**Dataset entries**

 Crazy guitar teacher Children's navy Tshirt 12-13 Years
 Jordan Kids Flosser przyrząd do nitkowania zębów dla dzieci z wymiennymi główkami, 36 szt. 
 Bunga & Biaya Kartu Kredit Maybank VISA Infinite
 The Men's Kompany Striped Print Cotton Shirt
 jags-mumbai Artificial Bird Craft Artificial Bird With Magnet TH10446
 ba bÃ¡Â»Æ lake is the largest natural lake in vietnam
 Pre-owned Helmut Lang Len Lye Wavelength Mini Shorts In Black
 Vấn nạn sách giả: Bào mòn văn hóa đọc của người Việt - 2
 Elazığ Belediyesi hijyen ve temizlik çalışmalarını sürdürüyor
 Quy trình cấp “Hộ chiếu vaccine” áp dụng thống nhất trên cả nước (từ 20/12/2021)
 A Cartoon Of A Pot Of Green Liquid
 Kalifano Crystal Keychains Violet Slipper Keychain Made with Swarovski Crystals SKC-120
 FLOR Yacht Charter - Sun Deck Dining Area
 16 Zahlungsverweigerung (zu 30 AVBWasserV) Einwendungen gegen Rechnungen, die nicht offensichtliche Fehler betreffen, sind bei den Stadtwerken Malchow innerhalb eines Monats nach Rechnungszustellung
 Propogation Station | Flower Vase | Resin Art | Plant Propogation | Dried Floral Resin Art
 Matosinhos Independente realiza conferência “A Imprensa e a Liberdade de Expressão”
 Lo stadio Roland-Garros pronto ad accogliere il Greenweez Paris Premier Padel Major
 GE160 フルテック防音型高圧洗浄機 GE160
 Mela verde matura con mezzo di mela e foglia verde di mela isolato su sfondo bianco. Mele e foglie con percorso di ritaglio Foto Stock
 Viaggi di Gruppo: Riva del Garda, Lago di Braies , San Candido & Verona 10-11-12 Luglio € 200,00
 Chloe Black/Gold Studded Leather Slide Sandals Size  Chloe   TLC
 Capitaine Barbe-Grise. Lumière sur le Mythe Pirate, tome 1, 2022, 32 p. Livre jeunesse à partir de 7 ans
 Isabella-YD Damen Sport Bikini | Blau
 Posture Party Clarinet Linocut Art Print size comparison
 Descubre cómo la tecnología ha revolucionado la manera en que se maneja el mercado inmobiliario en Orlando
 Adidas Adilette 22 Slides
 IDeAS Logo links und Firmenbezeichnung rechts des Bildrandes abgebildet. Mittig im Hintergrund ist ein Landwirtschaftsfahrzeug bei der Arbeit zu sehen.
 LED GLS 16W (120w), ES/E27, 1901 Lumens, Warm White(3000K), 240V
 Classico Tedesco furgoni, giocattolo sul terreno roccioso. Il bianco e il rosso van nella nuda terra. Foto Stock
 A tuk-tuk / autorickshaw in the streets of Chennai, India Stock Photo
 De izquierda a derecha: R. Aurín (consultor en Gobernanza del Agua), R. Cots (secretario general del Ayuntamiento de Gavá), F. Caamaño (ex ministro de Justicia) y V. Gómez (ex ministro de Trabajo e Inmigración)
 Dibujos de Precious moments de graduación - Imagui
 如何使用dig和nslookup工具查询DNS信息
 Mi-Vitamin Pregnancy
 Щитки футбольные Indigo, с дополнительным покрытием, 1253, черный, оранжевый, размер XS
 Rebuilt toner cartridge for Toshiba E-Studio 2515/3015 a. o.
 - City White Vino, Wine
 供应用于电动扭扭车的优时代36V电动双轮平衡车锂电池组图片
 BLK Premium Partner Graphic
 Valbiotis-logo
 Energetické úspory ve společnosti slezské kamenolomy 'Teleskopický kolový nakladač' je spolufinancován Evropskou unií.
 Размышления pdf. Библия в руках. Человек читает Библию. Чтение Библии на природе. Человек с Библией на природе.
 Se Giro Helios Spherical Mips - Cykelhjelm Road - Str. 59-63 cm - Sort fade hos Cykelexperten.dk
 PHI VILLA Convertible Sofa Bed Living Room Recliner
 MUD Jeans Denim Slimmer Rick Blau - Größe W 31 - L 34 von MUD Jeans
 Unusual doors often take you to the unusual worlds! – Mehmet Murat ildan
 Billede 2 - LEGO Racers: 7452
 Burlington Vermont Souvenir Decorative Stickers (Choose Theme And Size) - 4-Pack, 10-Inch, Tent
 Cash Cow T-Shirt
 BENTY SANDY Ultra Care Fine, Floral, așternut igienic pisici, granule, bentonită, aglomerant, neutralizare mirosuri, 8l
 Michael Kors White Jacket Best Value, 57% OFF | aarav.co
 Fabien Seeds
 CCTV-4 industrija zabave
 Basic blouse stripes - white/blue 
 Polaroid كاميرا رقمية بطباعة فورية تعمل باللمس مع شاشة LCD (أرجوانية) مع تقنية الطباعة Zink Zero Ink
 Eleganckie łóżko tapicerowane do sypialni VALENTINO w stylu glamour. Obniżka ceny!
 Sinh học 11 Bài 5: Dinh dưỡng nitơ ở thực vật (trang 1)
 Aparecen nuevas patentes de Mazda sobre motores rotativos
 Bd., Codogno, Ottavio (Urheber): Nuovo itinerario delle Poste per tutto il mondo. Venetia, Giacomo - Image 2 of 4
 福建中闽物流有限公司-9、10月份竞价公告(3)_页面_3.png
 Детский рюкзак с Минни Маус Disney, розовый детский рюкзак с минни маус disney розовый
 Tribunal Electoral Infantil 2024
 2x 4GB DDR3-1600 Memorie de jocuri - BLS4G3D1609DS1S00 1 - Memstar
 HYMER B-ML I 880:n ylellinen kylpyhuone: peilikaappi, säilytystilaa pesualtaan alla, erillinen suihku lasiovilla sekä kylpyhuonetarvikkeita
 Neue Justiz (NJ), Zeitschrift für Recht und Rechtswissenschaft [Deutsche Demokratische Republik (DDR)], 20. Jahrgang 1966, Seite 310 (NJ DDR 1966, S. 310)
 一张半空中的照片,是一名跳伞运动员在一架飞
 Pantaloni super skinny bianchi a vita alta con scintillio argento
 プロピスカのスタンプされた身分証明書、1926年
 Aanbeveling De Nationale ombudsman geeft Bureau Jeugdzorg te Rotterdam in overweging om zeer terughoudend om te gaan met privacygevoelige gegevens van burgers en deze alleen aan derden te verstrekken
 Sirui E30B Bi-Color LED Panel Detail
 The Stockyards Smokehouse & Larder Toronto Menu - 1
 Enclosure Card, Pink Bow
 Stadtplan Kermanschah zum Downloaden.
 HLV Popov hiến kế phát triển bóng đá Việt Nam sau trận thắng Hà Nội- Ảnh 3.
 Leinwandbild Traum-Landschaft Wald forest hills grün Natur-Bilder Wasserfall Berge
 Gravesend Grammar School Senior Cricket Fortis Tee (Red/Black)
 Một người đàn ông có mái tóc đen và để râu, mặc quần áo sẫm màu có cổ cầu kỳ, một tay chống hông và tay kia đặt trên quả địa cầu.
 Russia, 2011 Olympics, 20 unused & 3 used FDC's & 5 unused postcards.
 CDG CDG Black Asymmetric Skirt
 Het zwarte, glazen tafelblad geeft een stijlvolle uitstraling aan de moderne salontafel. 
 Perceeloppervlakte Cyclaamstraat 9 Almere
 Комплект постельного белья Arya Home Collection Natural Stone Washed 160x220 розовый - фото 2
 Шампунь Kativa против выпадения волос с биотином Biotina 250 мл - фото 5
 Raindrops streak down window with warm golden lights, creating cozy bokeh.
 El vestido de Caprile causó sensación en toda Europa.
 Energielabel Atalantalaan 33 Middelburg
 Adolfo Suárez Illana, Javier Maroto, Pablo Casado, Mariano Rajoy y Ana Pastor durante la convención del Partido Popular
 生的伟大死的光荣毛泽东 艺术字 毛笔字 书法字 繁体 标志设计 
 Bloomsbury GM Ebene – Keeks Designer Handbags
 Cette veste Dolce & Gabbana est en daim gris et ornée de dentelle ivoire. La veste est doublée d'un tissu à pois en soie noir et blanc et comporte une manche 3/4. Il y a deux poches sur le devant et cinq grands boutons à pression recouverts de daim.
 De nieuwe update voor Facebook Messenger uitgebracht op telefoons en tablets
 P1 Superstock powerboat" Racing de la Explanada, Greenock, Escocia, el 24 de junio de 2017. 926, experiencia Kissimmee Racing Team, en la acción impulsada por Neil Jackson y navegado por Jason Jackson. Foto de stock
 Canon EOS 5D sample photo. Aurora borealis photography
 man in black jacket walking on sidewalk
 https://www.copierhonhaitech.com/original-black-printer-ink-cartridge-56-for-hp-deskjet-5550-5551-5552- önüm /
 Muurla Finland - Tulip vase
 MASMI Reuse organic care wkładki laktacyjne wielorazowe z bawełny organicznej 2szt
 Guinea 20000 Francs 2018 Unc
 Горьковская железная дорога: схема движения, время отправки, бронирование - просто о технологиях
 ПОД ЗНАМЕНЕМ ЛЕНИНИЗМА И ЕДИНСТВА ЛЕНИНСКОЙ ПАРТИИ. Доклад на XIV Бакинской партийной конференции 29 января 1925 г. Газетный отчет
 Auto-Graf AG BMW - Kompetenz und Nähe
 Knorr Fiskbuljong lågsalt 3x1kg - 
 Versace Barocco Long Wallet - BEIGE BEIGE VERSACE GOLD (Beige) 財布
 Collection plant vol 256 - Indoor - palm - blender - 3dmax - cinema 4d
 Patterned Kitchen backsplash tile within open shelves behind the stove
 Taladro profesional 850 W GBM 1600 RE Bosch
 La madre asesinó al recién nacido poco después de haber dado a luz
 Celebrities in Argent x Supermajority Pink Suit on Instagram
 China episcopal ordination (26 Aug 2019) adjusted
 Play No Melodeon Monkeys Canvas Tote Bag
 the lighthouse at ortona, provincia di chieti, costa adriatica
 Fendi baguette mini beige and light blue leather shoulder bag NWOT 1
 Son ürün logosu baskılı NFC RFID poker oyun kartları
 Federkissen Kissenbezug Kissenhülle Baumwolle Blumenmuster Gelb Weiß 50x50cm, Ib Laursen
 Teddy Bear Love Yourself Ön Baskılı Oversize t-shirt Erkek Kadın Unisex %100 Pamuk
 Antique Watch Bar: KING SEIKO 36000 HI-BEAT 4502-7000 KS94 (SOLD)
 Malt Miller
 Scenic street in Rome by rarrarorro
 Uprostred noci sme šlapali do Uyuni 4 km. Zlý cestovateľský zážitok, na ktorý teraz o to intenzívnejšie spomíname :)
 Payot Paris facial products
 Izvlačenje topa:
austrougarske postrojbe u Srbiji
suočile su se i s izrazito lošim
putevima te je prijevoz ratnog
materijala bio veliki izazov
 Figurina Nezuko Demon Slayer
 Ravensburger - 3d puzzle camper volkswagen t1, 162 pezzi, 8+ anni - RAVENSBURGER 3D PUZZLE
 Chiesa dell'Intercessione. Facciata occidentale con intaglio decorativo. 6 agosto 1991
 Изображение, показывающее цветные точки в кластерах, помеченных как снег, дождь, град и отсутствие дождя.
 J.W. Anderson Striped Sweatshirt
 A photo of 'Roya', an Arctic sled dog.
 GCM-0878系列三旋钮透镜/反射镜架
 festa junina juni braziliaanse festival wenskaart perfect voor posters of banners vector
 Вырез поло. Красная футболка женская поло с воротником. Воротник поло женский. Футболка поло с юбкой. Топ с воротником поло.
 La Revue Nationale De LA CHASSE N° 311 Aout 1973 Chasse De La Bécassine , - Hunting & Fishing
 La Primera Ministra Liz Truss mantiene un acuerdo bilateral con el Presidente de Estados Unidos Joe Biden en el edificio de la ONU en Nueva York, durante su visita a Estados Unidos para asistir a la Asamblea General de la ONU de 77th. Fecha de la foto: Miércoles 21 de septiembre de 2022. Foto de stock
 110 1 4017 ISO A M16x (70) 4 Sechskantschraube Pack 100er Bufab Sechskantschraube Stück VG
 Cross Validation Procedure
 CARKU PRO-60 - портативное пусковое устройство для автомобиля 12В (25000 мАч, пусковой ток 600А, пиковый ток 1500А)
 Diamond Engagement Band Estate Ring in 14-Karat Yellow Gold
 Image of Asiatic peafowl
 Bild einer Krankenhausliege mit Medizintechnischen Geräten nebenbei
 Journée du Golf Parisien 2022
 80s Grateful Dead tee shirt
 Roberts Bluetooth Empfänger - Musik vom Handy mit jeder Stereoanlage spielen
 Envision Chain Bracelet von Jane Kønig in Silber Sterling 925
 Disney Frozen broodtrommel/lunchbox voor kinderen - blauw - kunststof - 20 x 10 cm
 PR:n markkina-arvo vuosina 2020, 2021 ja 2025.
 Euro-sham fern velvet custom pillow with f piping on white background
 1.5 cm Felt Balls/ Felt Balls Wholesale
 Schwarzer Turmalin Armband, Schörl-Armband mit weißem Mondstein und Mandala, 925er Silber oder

**About this task**
Which lines run from the one holding "Uprostred noci sme" through the one holding "CARKU PRO-60 - портативное" in the records above? Repeat them exactly, both included, and nothing more.

**Exercise output**
 Uprostred noci sme šlapali do Uyuni 4 km. Zlý cestovateľský zážitok, na ktorý teraz o to intenzívnejšie spomíname :)
 Payot Paris facial products
 Izvlačenje topa:
austrougarske postrojbe u Srbiji
suočile su se i s izrazito lošim
putevima te je prijevoz ratnog
materijala bio veliki izazov
 Figurina Nezuko Demon Slayer
 Ravensburger - 3d puzzle camper volkswagen t1, 162 pezzi, 8+ anni - RAVENSBURGER 3D PUZZLE
 Chiesa dell'Intercessione. Facciata occidentale con intaglio decorativo. 6 agosto 1991
 Изображение, показывающее цветные точки в кластерах, помеченных как снег, дождь, град и отсутствие дождя.
 J.W. Anderson Striped Sweatshirt
 A photo of 'Roya', an Arctic sled dog.
 GCM-0878系列三旋钮透镜/反射镜架
 festa junina juni braziliaanse festival wenskaart perfect voor posters of banners vector
 Вырез поло. Красная футболка женская поло с воротником. Воротник поло женский. Футболка поло с юбкой. Топ с воротником поло.
 La Revue Nationale De LA CHASSE N° 311 Aout 1973 Chasse De La Bécassine , - Hunting & Fishing
 La Primera Ministra Liz Truss mantiene un acuerdo bilateral con el Presidente de Estados Unidos Joe Biden en el edificio de la ONU en Nueva York, durante su visita a Estados Unidos para asistir a la Asamblea General de la ONU de 77th. Fecha de la foto: Miércoles 21 de septiembre de 2022. Foto de stock
 110 1 4017 ISO A M16x (70) 4 Sechskantschraube Pack 100er Bufab Sechskantschraube Stück VG
 Cross Validation Procedure
 CARKU PRO-60 - портативное пусковое устройство для автомобиля 12В (25000 мАч, пусковой ток 600А, пиковый ток 1500А)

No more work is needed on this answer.